People who suffer from SAD are also at risk of developing substance abuse disorder or relapsing, if they’re in recovery. One study found that those with SAD had a higher incidence of alcoholism. It may be because people spend more time indoors in the winter, which puts them in closer proximity to alcohol, or it may be because some depressed people try to self-medicate with alcohol. Whatever the reason, if you have SAD, be conscious of this connection.


If you suffer from SAD or believe you do, see your doctor about possible therapies. SAD can be treated with medication, talk or light therapy. You can also help make yourself feel better by spending more time in the daylight. Depending on where you live, this can be difficult, but just taking a short walk around the block on your lunch break can help ward off the sadness. It’s also very important to keep your home decluttered and tidy to help avoid increases in anxiety.

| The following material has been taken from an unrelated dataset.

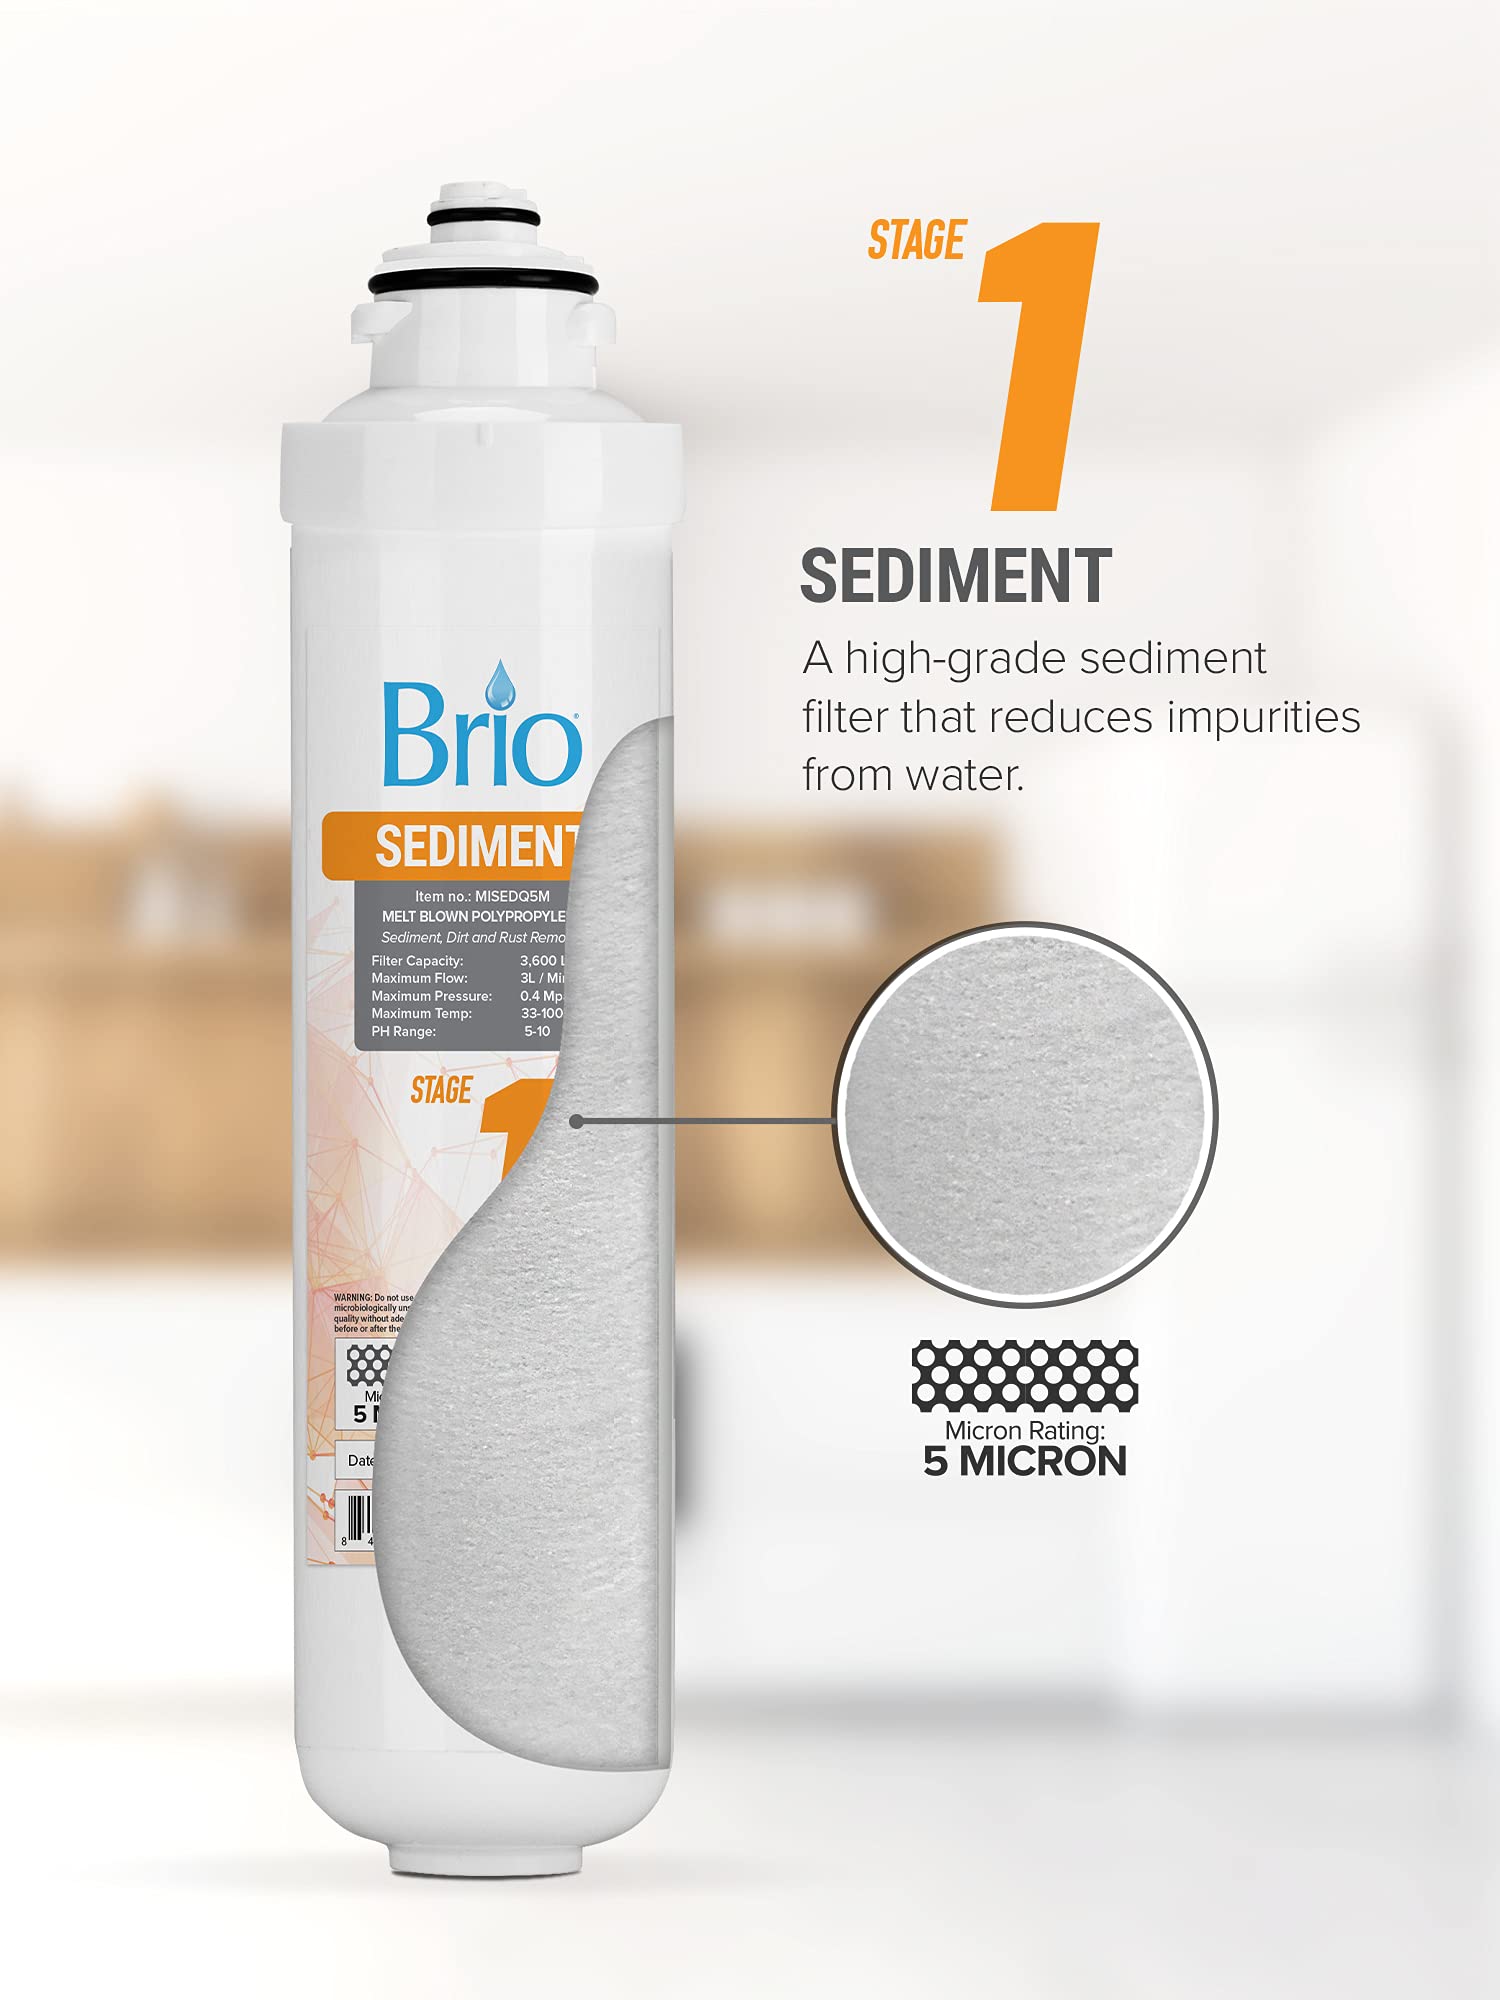 Brio Water Cooler Filter Replacement - Stage-1: Melt-Blown Polypropylene Sediment - for Brio model CLPOUROSC420RO

Exercise is also an important part of therapy for SAD or any other type of depression or anxiety. Exercise helps increase serotonin levels in the brain, which help prevent depression. If you are having trouble getting off the couch, exercise might seem like a terrible idea. But after you’ve spent about 20 minutes doing some light exercise, you’ll feel much better. Activities like outdoor team sports are a great way to combine physical activity, time in the sunlight, and social interaction, all of which can help ease depression. Just make sure you invest in the right apparel and equipment to keep yourself warm during the winter months.


Winter comes every year, so it’s not something most of us can avoid. Knowing yourself and your ability to cope with the cold and darkness can help you make a plan to get through it. Work with your doctor to make a plan to pull yourself into the light, and you’ll soon feel much better.